Published - 28th May 2014
If you’re undecided about modern architecture, take a look at the Balancing Barn on Living Architecture’s website, or better still spend a weekend there and you’ll soon come off the fence.
Whilst it’s unlikely to find many converts from the Daily Mail brigade, if you’ve an open mind to modernism, a weekend at the Balancing Barn in Suffolk could make you re-evaluate the way you live and your approach to architecture.
Designed by Dutch architects MVRDV for Living Architecture, a social enterprise with currently 8 properties in its portfolio and formed with the specific intention of revolutionising domestic architecture in the holiday rental market.

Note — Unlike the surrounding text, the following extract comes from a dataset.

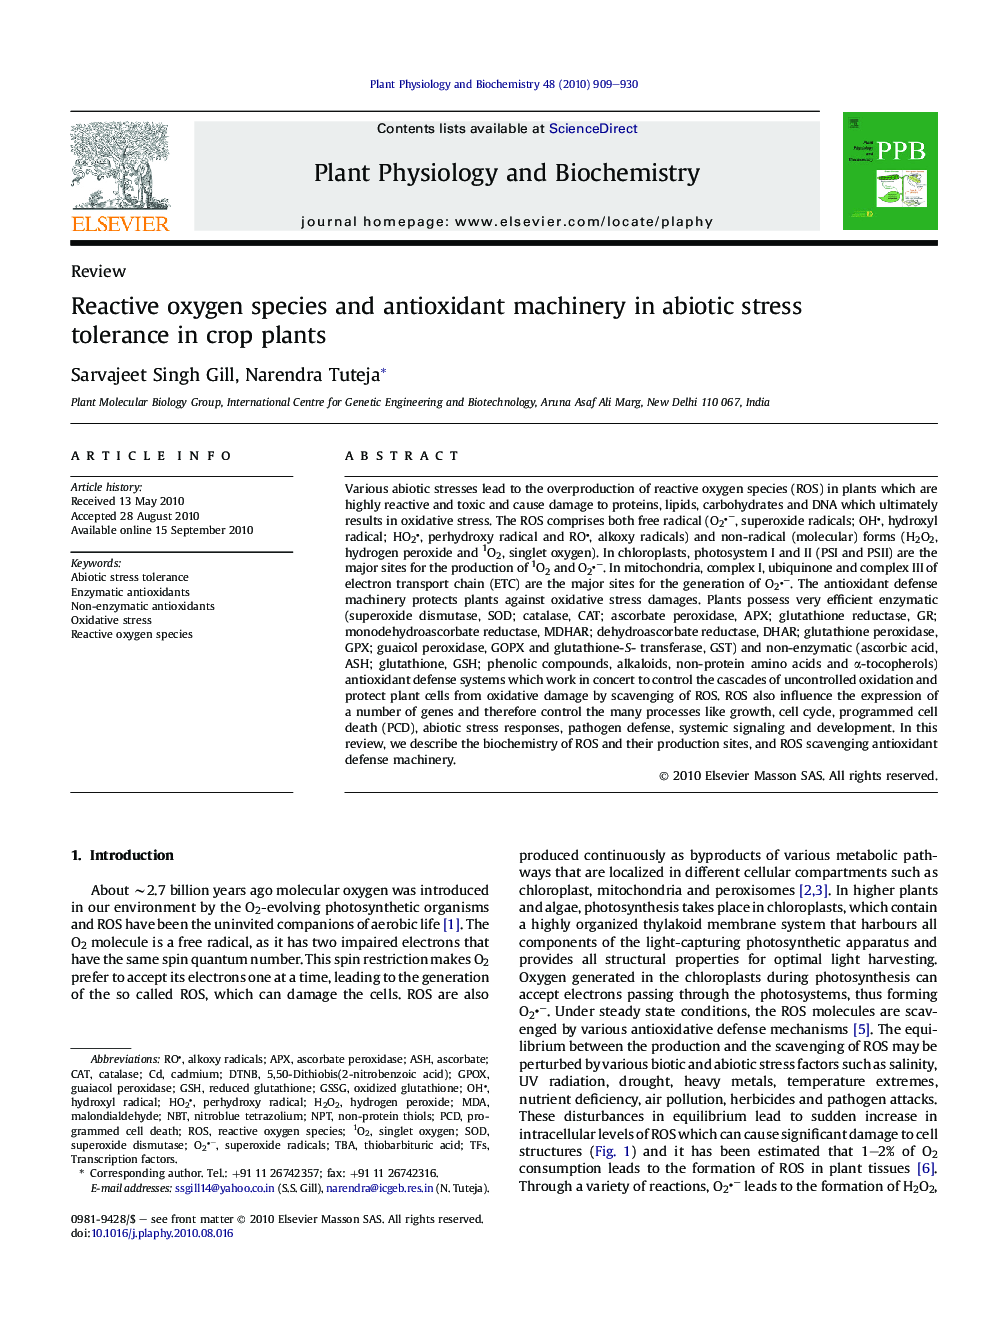 Reactive oxygen species and antioxidant machinery in abiotic stress tolerance in crop plants

Well they’ve certainly succeeded with the Balancing Barn. It’s an uncompromising, brilliantly designed and engineered, shiny metal clad 30-metre linear structure with 15-metres of the building cantilevered and hanging freely in space.
It would be easy to dismiss the design intent as egocentric pomposity. Phrases like’ engaging its temporary inhabitants with a new way to experience the countryside’ – ‘the linear structure provides a stage for a changing outdoor experience’- ‘the metal façade reflects the changing seasons’ will inevitably receive the same response from traditionalists as Jeremy Clarkson does from feminists.
But when you experience the building with an open mind, it really does achieve the philosophical and practical aims of the designers. After spending a couple of days at the Barn with friends, some of whom might own up to reading the Mail on occasion, it really did change the way we interacted with our surroundings and each other and definitely induced challenging conversations about design and architecture.
If the Balancing Barn changes the views of just a few die-hard traditionalists it will do more to improve the way we think about and relate to architecture than our town planners have achieved for generations and might even encourage our volume housebuilders to embrace progressive architecture.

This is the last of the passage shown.